Kız, nişanlandıktan sonra bile, düğün örtüsü aracılığıyla kocasının yetkisine girinceye kadar daima babasının yetkisi altındadır . Eğer baba, kızını kocasına ve düğün örtüsüne getirmeleri için kocasının elçilerine teslim etmişse , teslim edildikten sonra kocasının yetkisi altındadır. Ancak, baba kocasının elçileriyle gitmişse veya babanın elçileri kocanın elçileriyle gitmişse, kız hala babasının yetkisi altındadır, çünkü onu kocasının elçilerine tam olarak teslim etmemiştir. Eğer babası onu kendi elçileriyle göndermiş ve babanın elçileri kadını kocasının elçilerine teslim etmişse, o andan itibaren kocasının yetkisi altındadır .

Bir baba kızının geçimini sağlamakla yükümlü değildir . Bu açıklama , Haham Elazar ben Azarya tarafından Yavne bağında bilgelerin önünde açıklanmıştır: Bilgeler, babanın ölümünden sonra oğulların annelerinin evlilik sözleşmesinde belirtilen miktarda parayı miras aldığını ve kızların babalarının mirasından geçindiğini tesis ettiklerinden, bu iki halakhot eşitlenmiştir: Tıpkı oğulların sadece babanın ölümünden sonra miras alması, baba hayattayken değil, aynı şekilde kızların da sadece babalarının ölümünden sonra onun mirasından geçinmeleri.

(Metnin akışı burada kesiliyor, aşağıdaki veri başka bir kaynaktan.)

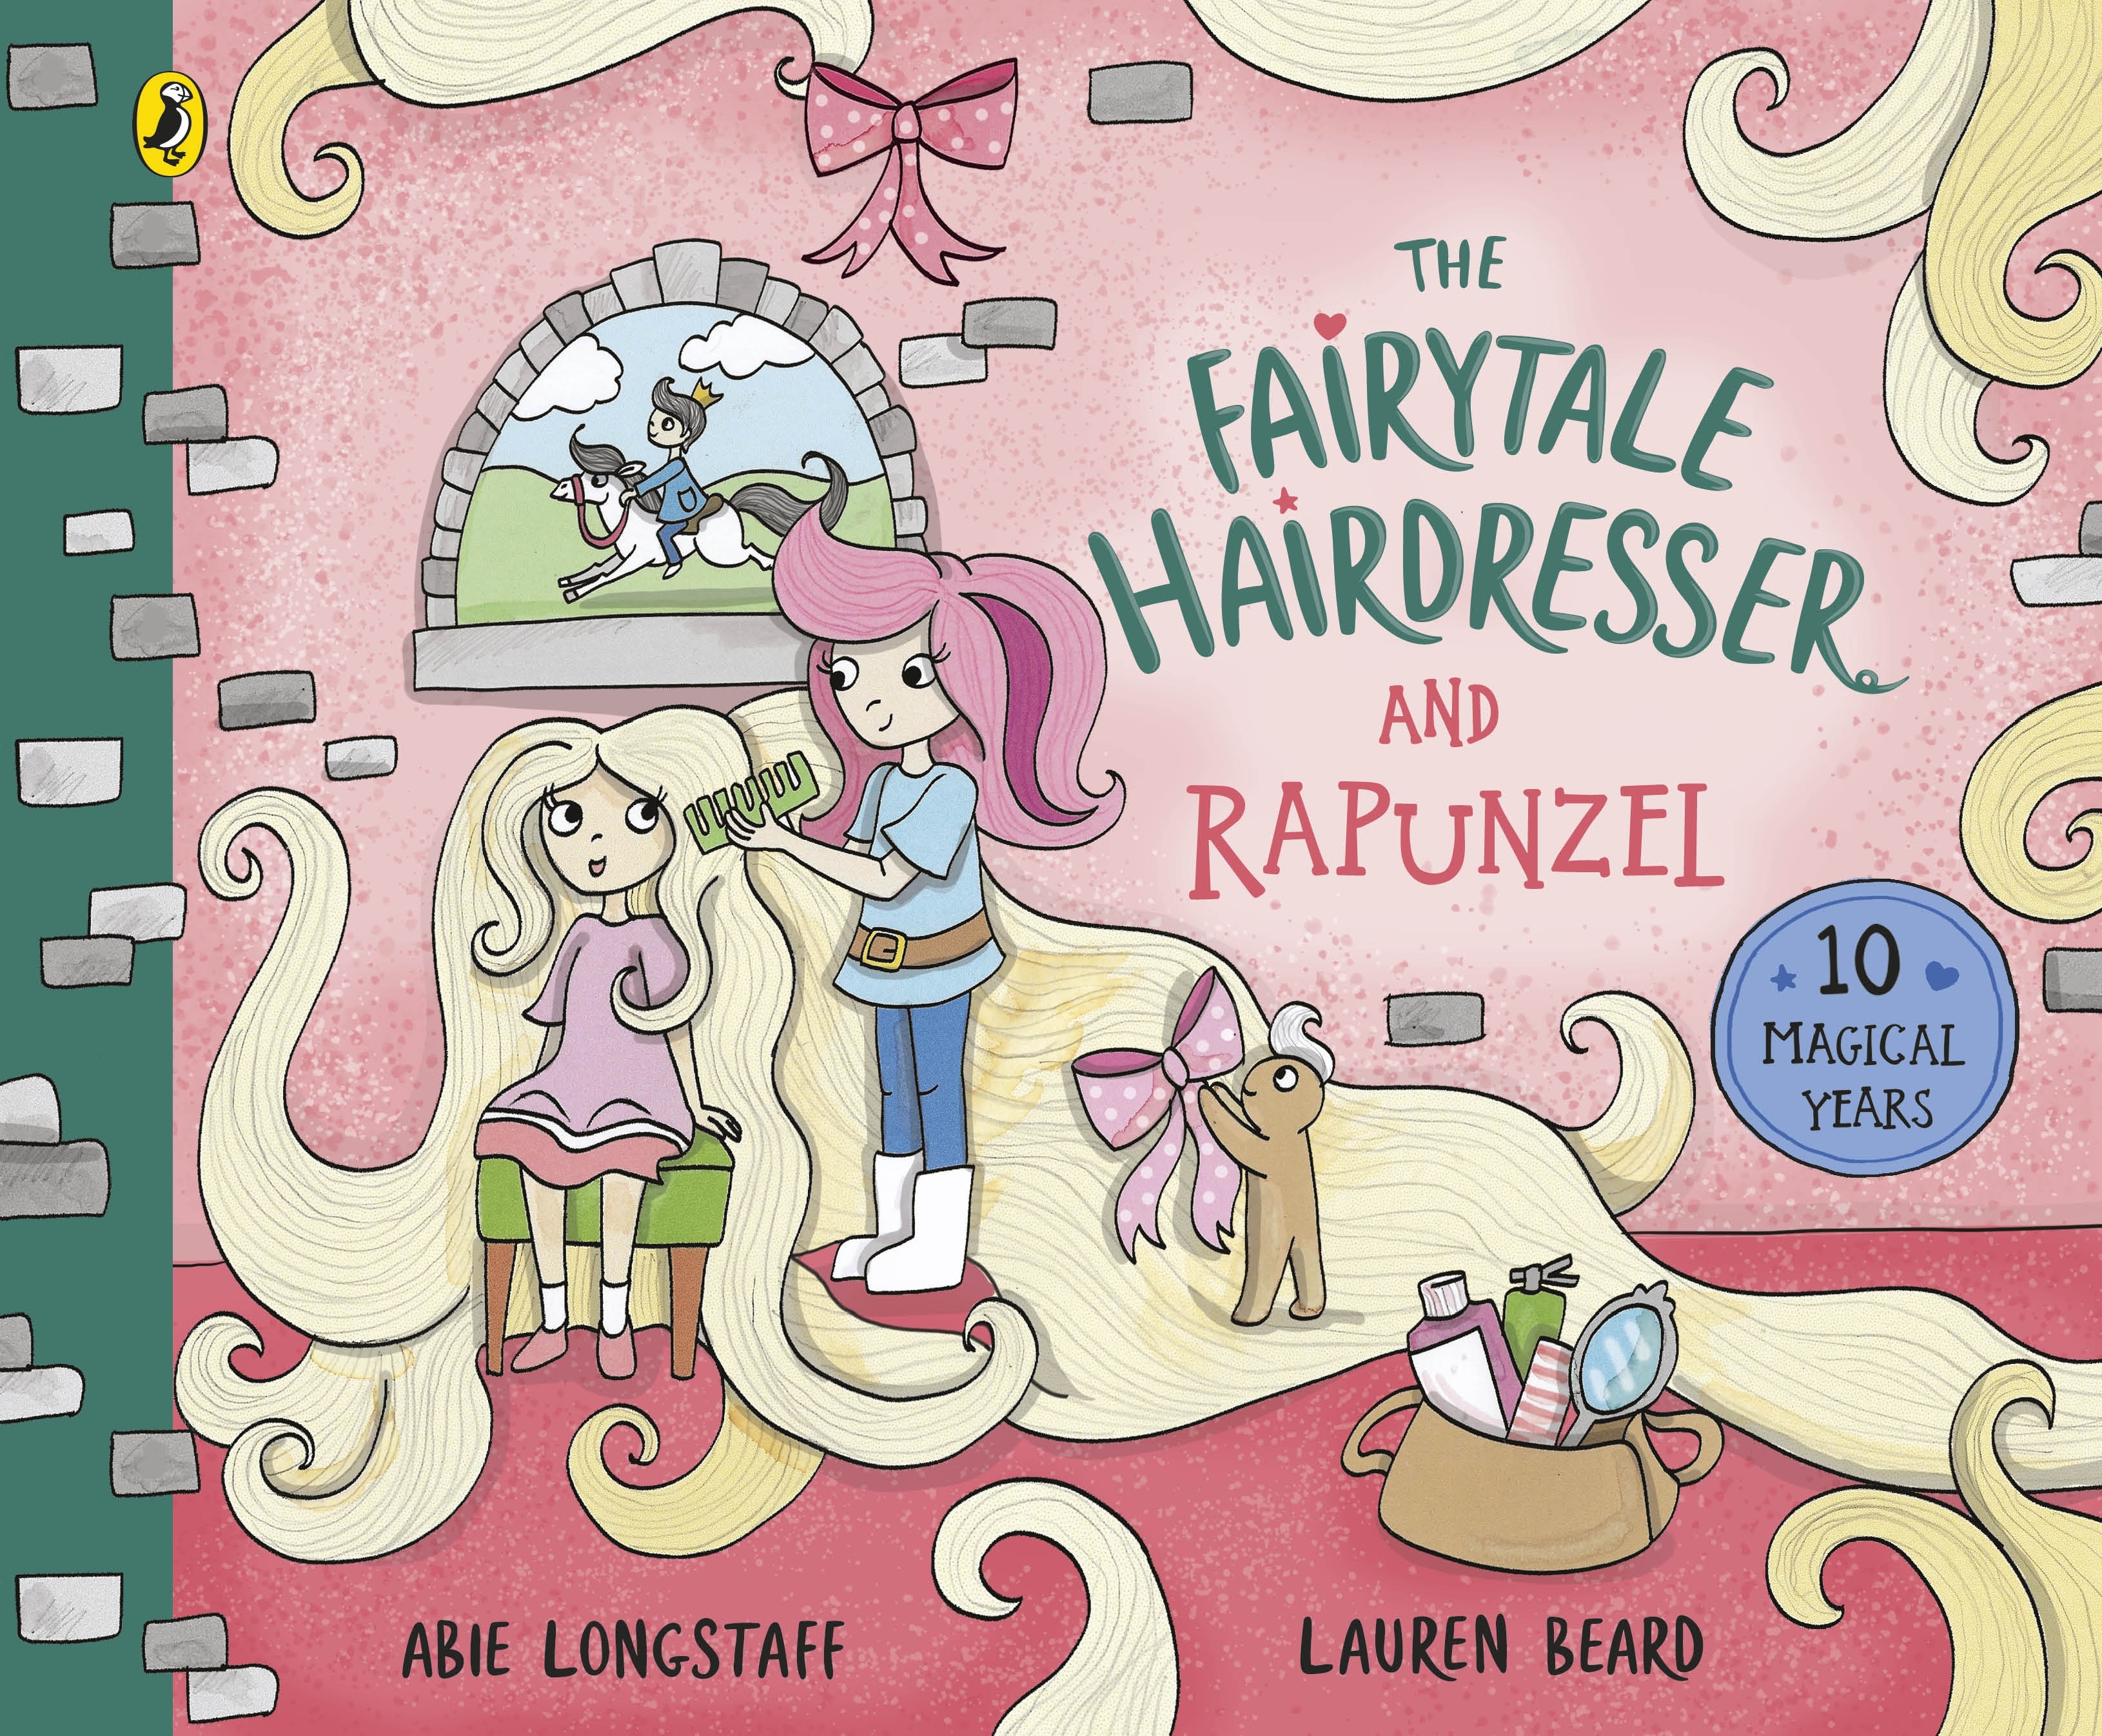 Book “The Fairytale Hairdresser and Rapunzel” by Abie Longstaff, Lauren Beard — September 30, 2021

Eğer bir koca karısı için evlilik sözleşmesi yapmamışsa , boşanma veya kocanın ölümü üzerine bakire iki yüz dinar , dul kadın ise yüz dinar alır, çünkü mahkemenin karısının bu miktarlara hak kazandığı yönündeki şartı vardır. Eğer kocası karısının evlilik sözleşmesine, aslında hak sahibi olduğu iki yüz dinar yerine yüz dinar değerinde bir tarlaya hak sahibi olduğunu yazmışsa ve ayrıca karısı için: Sahip olduğum bütün mal, evlilik sözleşmenizin ödenmesi için bir teminat teşkil edecektir , yine de iki yüz dinarı tam olarak ödemek zorundadır ; ve mahkemenin tüm malının tüm tutar için kefil olarak tutulduğu yönündeki şartı nedeniyle , karısının evlilik sözleşmesinin ödenmesi için sadece ipotekli bir tarla almasını söyleyemez .

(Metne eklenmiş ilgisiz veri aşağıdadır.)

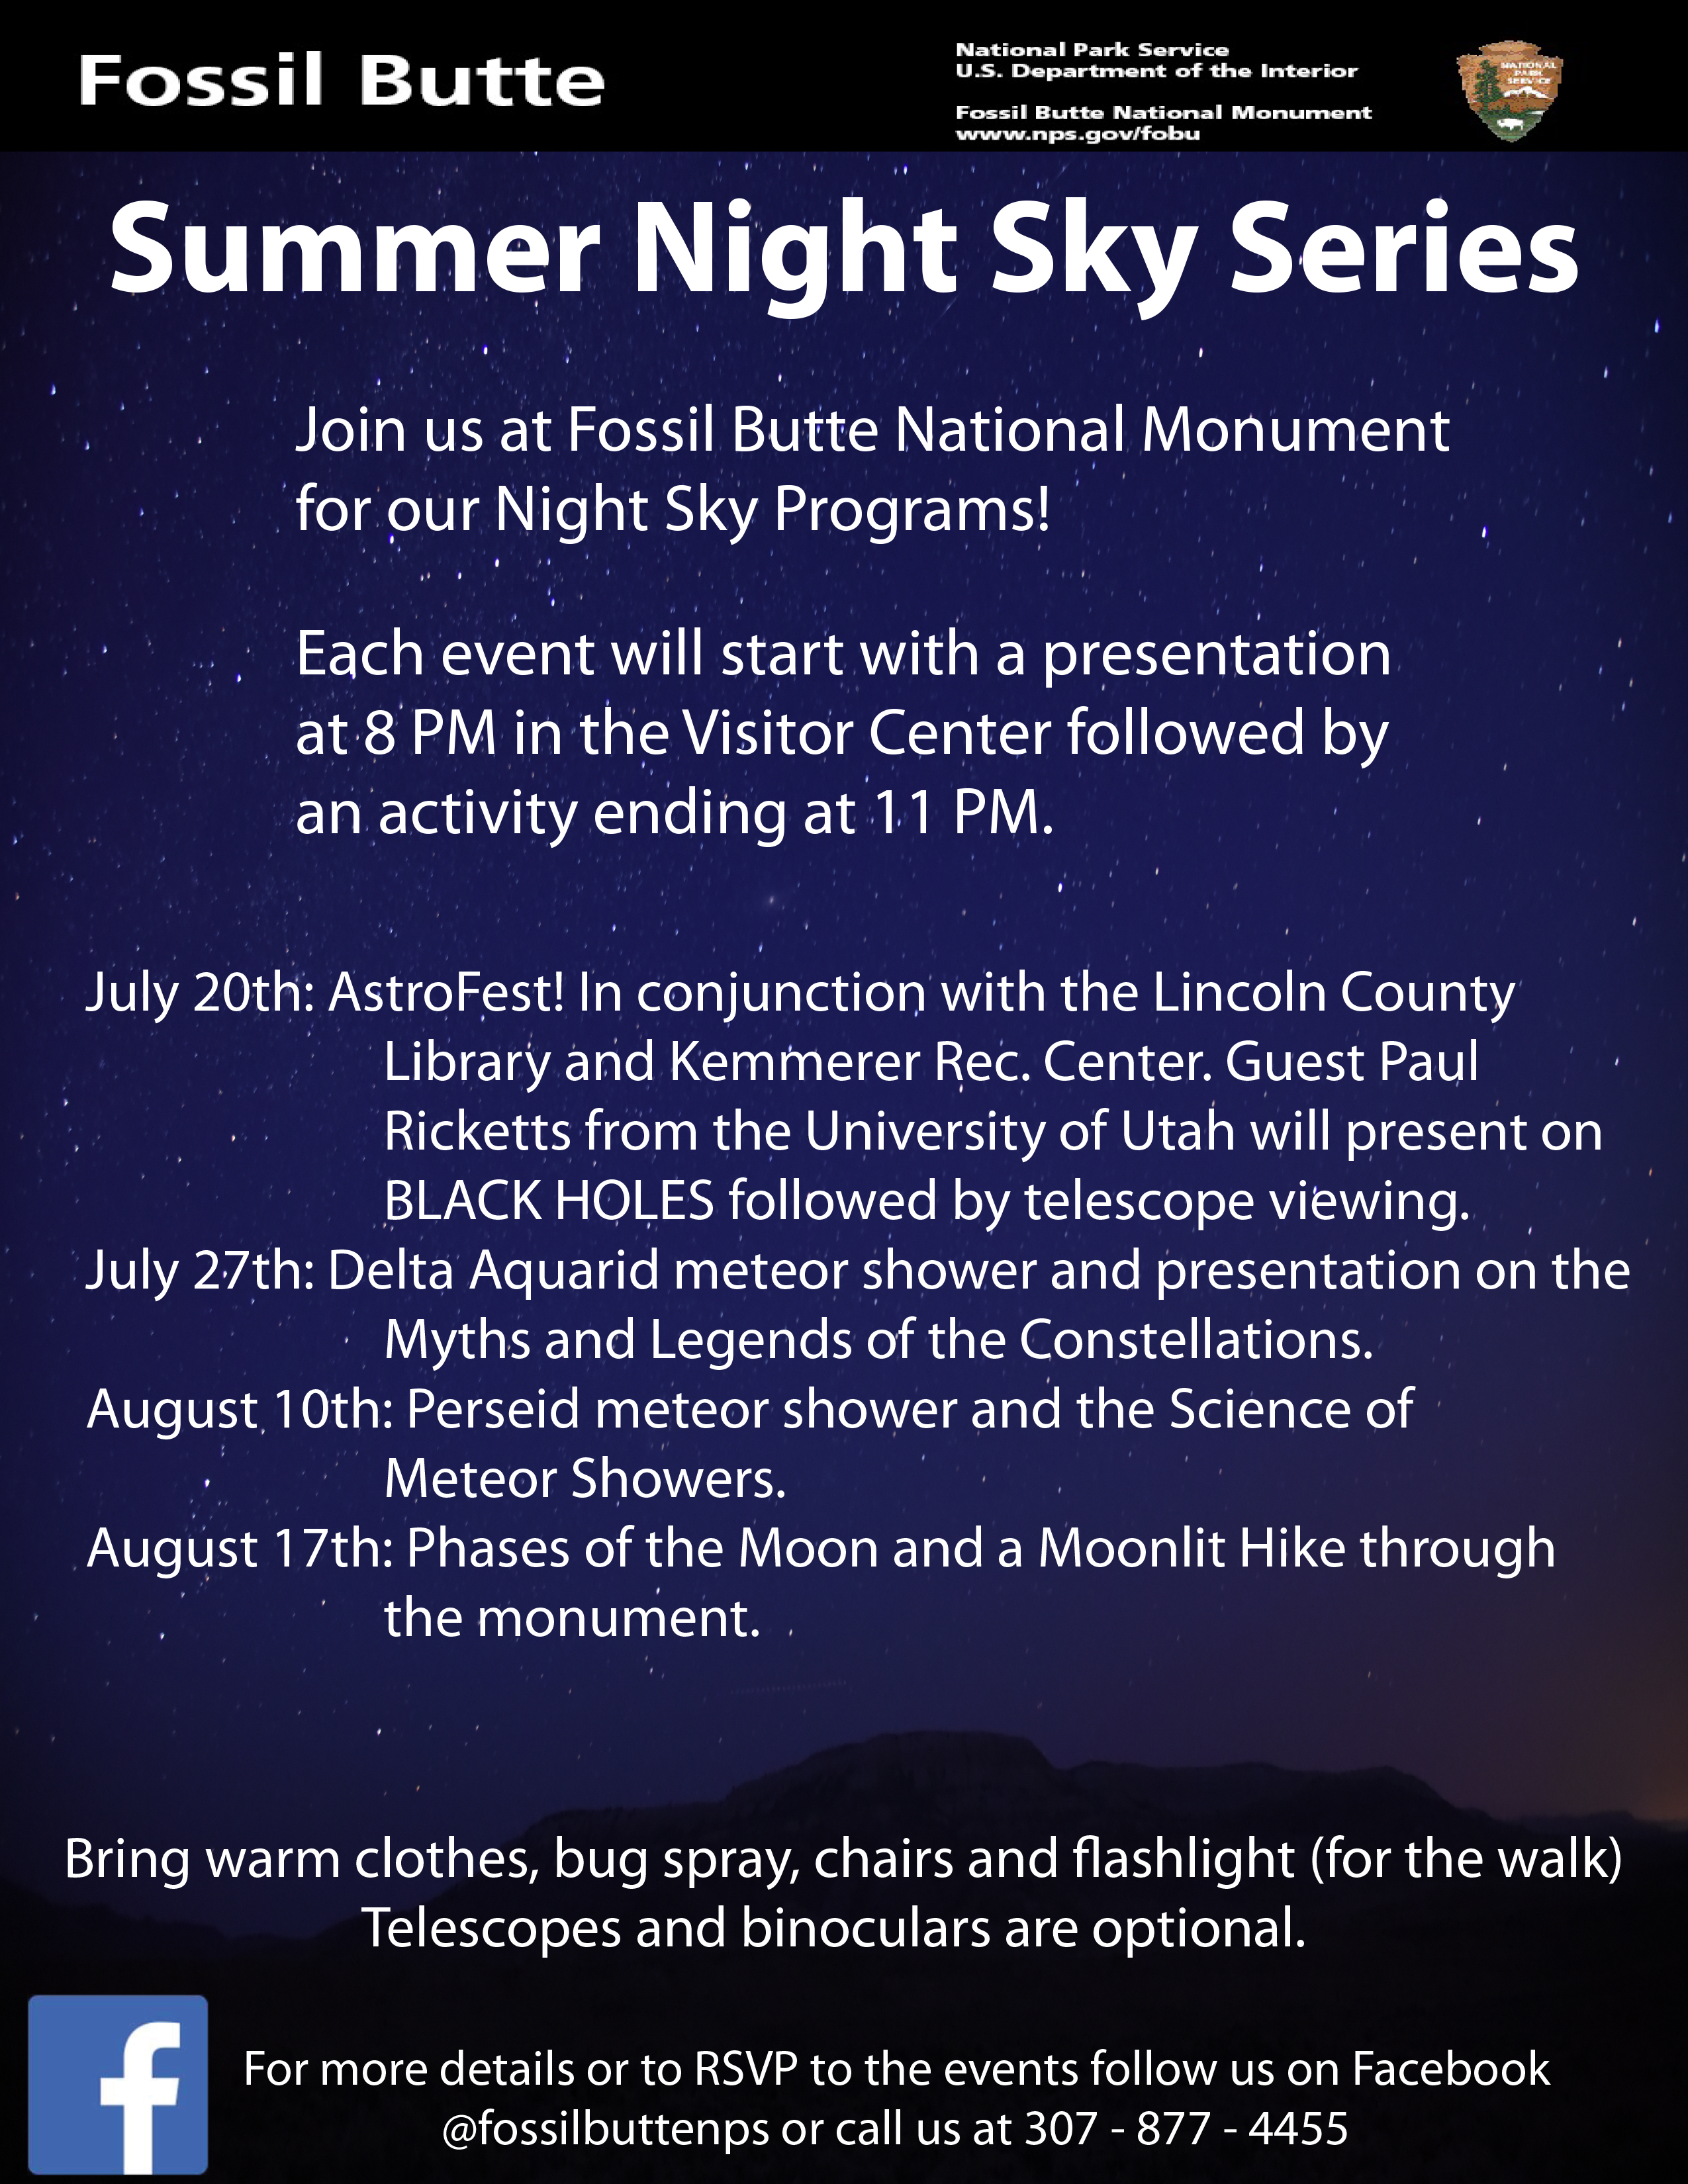 poster describing details of night sky events

Aynı şekilde, eğer nikah akdinde onun için: Eğer esir alınırsan seni fidye ile satın alırım ve bana eş olarak geri veririm yazmamışsa ve bir rahibe, yani bir rahibin karısı ise ve başka bir erkekle ilişkide bulunursa, hatta tecavüze uğrasa bile kocasına dönmesi yasaksa, eğer: Seni memleketine geri vereceğim yazmamışsa , mahkemenin bir şartı olduğu için bunu yapmakla yükümlüdür .

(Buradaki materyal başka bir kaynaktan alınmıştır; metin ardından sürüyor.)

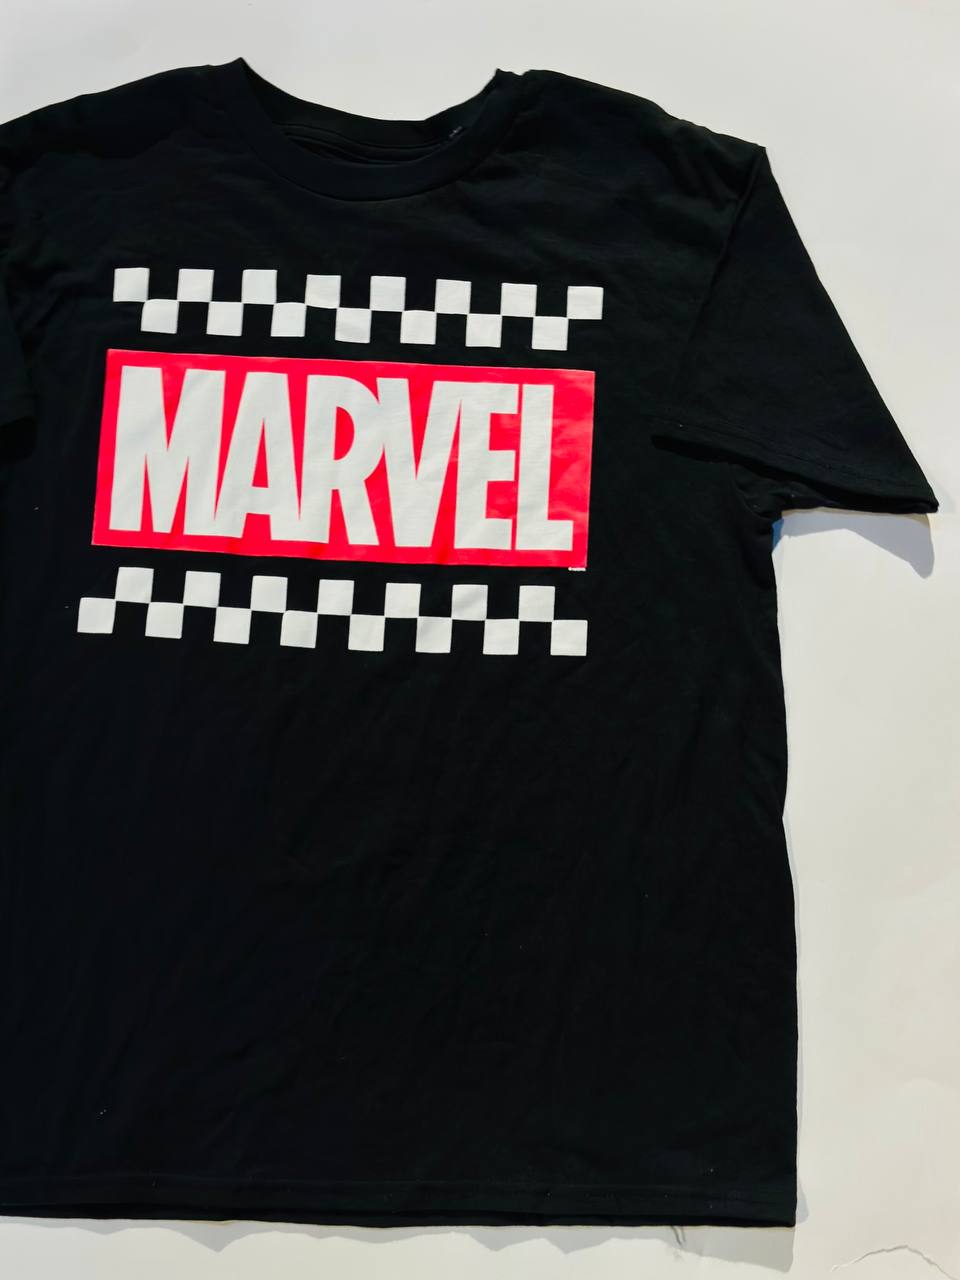 Marvel kids shirt

Bir kadın esir alınırsa, kocası onu fidye ile kurtarmakla yükümlüdür. Ve eğer: Karıma boşanma belgesini ve nikah akdini veriyorum ve kendisini fidye ile kurtarmasına izin veriyorum derse , bunu yapması caiz değildir. Çünkü evlilik sözleşmesini yazdığında onu fidye ile kurtarmayı zaten kendisi üstlenmiştir. Eğer karısı hastalanırsa , onu iyileştirmek, yani tıbbi masraflarını ödemekle yükümlüdür. Ancak bu durumda, eğer : Karıma boşanma belgesini ve nikah akdini veriyorum ve kendisini iyileştirmesine izin veriyorum derse , bunu yapması caizdir .

Eğer koca, nikah akdinde onun adına : “Benden olacak erkek çocuklarınız varsa , kardeşleriyle birlikte aldıkları miras paylarına ek olarak nikah akdindeki paradan da miras alacaklardır. Ancak bu , mahkeme kararı olduğu için ve açıkça belirtilmese bile hüküm ifade ettiği için sanki kendisi yazmış gibi yükümlüdür . ” yazmamışsa;

Aynı şekilde, eğer nikah akdinden: ” Benden olacak kız çocuklarınız evleninceye kadar evimde oturacak ve malımdan geçineceklerdir.” cümlesini çıkarmışsa, bu da mahkemenin bir hükmü olduğundan, sanki kendisi yazmış gibi yükümlü olur .

Benzer şekilde, eğer evlilik sözleşmesinden şu maddeyi çıkarırsa: Evimde oturacaksın ve evimde dul olarak yaşadığın tüm günler boyunca malımdan geçineceksin, yine de mahkemenin bir şartı olduğu için bunu yazmış gibi yükümlüdür . Mişna şu yorumu yapar: Kudüs sakinleri bu şekilde yazarlardı, dul bir kadın dul kaldığı sürece kocasının evinde kalabilirdi ve Celile sakinleri de Kudüs sakinleri gibi bu şekilde yazarlardı. Buna karşılık, Yahudiye sakinleri şu şekilde yazarlardı: Mirasçılar sana evlilik sözleşmeni vermek isteyene kadar. Sonuç olarak, mirasçılar isterlerse evlilik sözleşmesini ona verebilir ve onu serbest bırakabilirler ve o kendi yaşam düzenlemelerini bulmalı ve kendi geçimini sağlamalıdır.